Editorial, Opinion

Three meals a day keep the protests away

Fifteen dollars for a box of raspberries. Eleven for a slice of pizza. Eight for a package of popcorn. This is the reality for students eating at McGill cafeterias. On March 7, Let’s Eat McGill, a collective of concerned student activists, held an assembly to discuss and mobilize around the food affordability crisis at McGill. The campus-wide uproar illustrates the difficulties exorbitant food prices cause for students and demonstrates that McGill must support student-led initiatives while also using the vast fiscal resources at its disposal to end the food crisis on campus. 

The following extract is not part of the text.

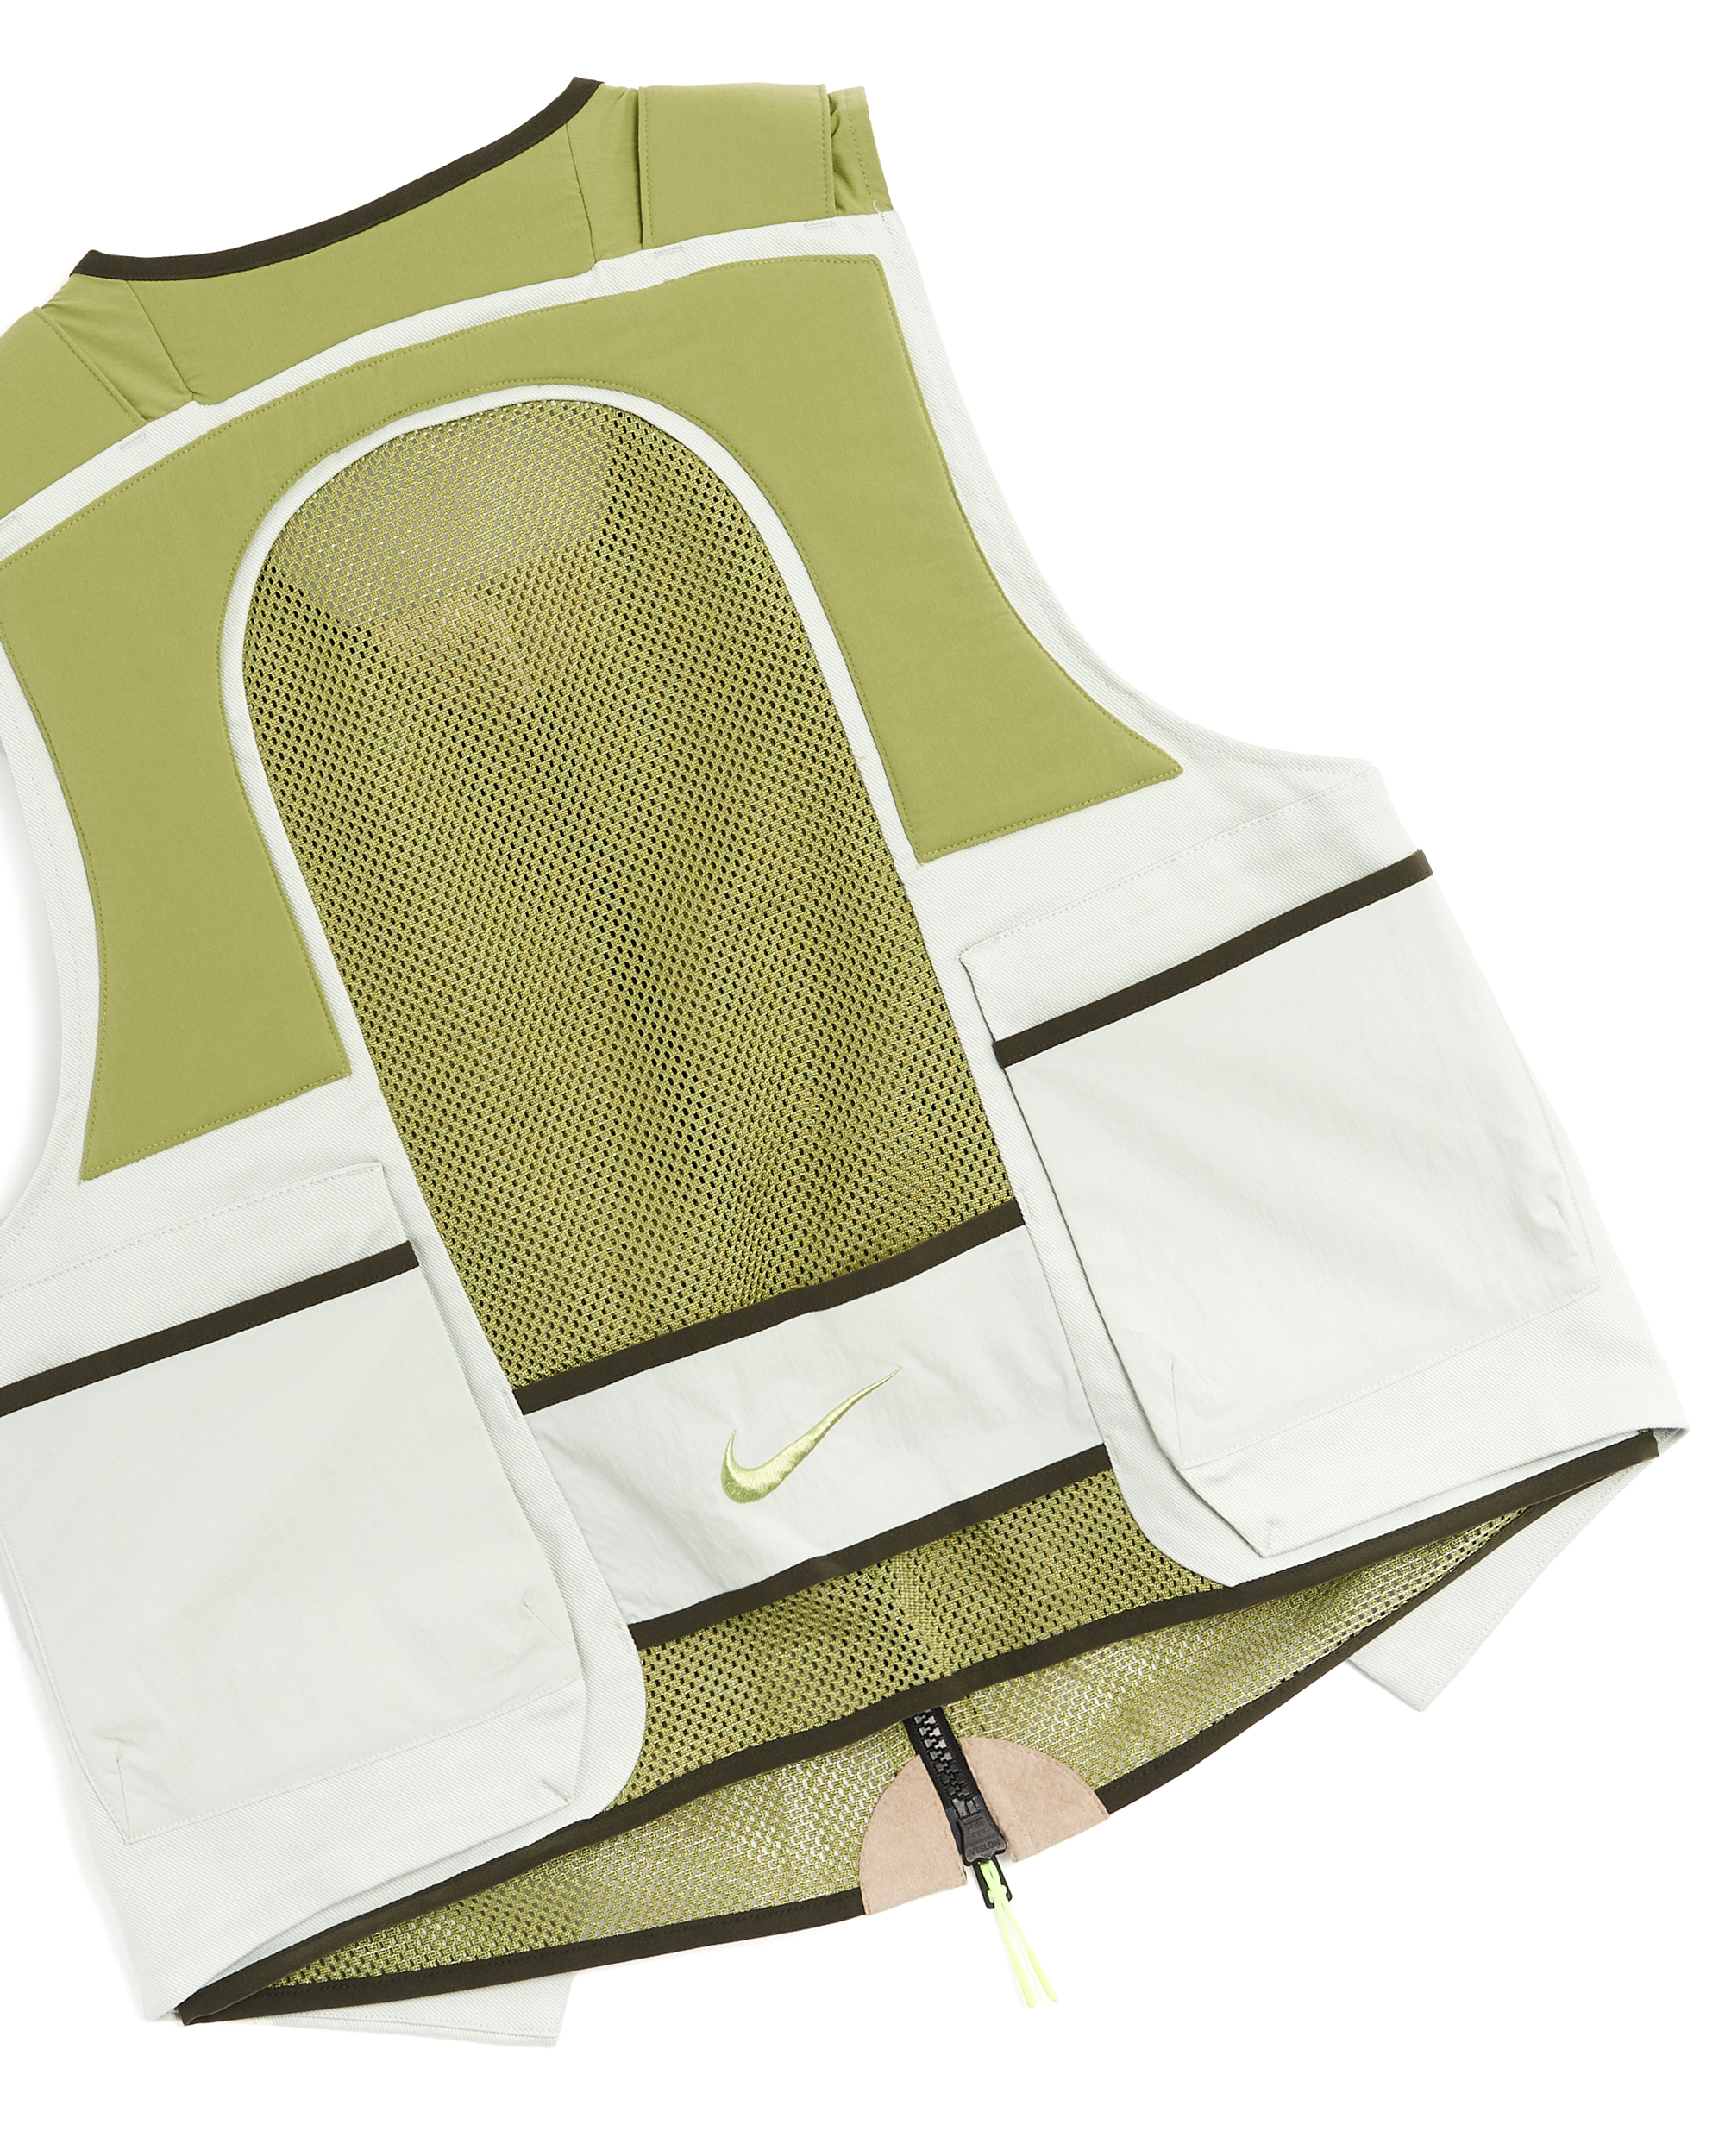 ISPA Vest 2.0 - Light Silver / Alligator / Sequoia

High food prices have extensive, detrimental effects on McGill students. Many students are unable to eat three meals a day, resulting in food insecurity, which is associated with increased physical and mental distress, such as higher rates of binge eating and other eating disorders. On top of rising rent and intense class schedules, this physical and mental toll on students has dire economic implications: Students are often forced to pay over $20 for a single meal at the university they pay thousands of dollars in tuition to attend. 

McGill directs most of its food services to students living in traditional and hotel-style residences. With the exception of Solin Hall and the MORE Houses, students are forced to pay for a $6,200 meal plan, which the Food and Dining Services website reiterates still does not cover all meals for the academic year. Students hoping to live in residence encounter a coercive system where they must decide between forgoing the traditional residence experience or paying incredibly high prices for a meal plan that fails to cover three meals a day.  To end this continued coercion, students must be given an opt-out option from the meal plan if they choose to live in residence and want to have control over their own nutrition. 

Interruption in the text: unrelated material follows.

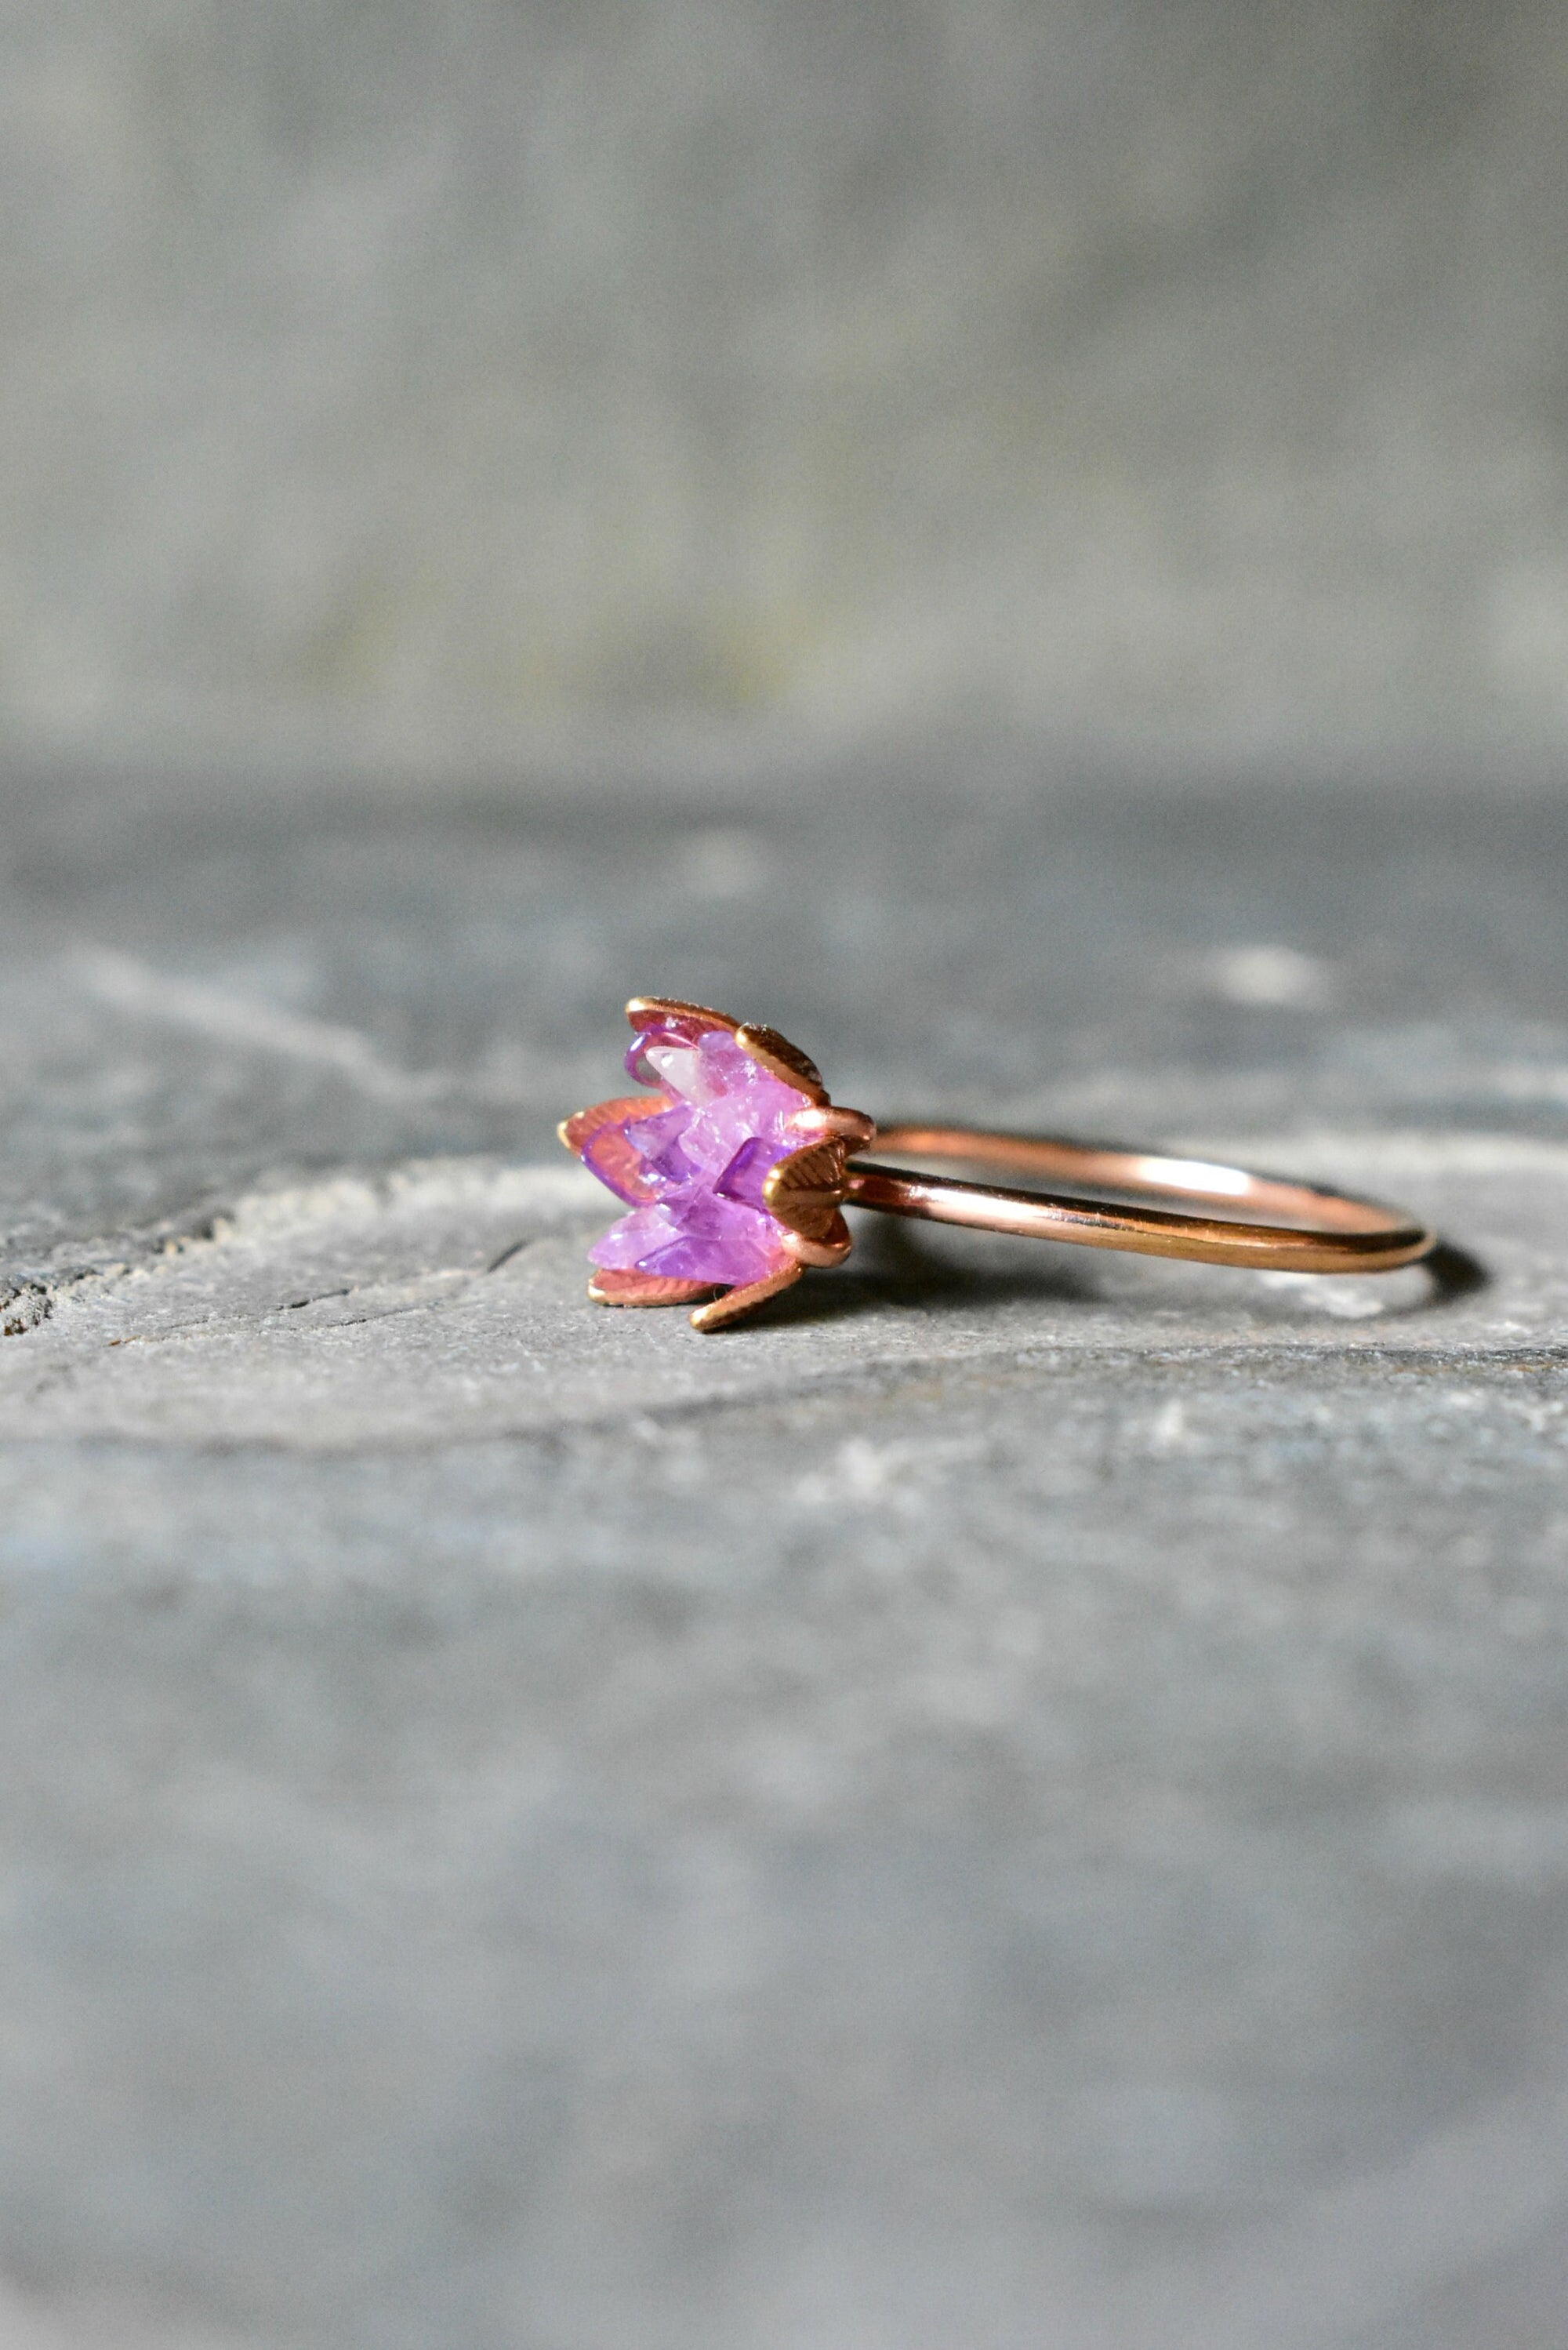 Unique Amethyst Ring, Lotus Flower Ring in Rose Gold, Uncut Gemstone Birthstone Ring, Raw Rough Amethyst Jewelry, January Birthstone Ring

The crisis students face at the Macdonald campus epitomizes the university’s indifference toward student well-being. Despite providing fresh and sustainable produce for all of McGill, students at Macdonald campus are currently stuck in a food desert after the only grocery store in Sainte-Anne-de-Bellevue shut down. Over 600 students must now take a McGill-chartered shuttle scheduled once a week to go to the nearest grocery store a few towns over. With the discovery of asbestos in several of the campus buildings, this crisis intensified and decreased the number of on-campus eateries to only one of two, The Ceilidh, whose restaurant closes at 3 p.m.

It is unacceptable that McGill offers nothing more to Macdonald campus students when the nearest grocery store is accessible only by shuttle bus or car. Shuttle buses do not make up for the university’s negligence. If McGill does not immediately ensure that all dietary needs are met, then students should not be allowed to live there. 

In response to student outcry, the university recently announced plans to implement an “all-you-care-to-eat” (AYCTE) model, that will allow students to enter cafeterias for a flat rate and eat as much as they wish. Not enough information has been made available, however, about how the system would function or the plan’s prices. Without addressing costs, the AYCTE will not tackle the main problem facing students: Unreasonable pricing.

McGill must follow the lead of universities across the country willing to put their money into the needs of students. Concordia University and the University of British Columbia have both subsidized rising food costs amidst inflation and are funding student-run grocery stores and cafés. Meanwhile, food prices at McGill are sometimes 200 per cent higher than those of neighbouring grocery stores and restaurants.

McGill blames inflation for the high food prices and argues that the costs are out of its control. This argument, however, does not hold up when McGill has an almost $1.9 billion endowment fund. Although it may upset shareholders, the university must use its immense wealth—much of which is student tuition funds—to subsidize food prices.

Apart from dipping into its endowment fund, McGill must also highlight student-led initiatives instead of outsourcing to private companies. Students have created innovative ways to combat the crisis such as Midnight Kitchen, a collective providing cheap meals to students that deserves to have its fee increase pass during the Students’ Society of McGill University (SSMU) Winter referendum. Like Concordia, McGill should fund student-led initiatives and prioritize students in decision-making because they know how to feed themselves—if only their university would let them.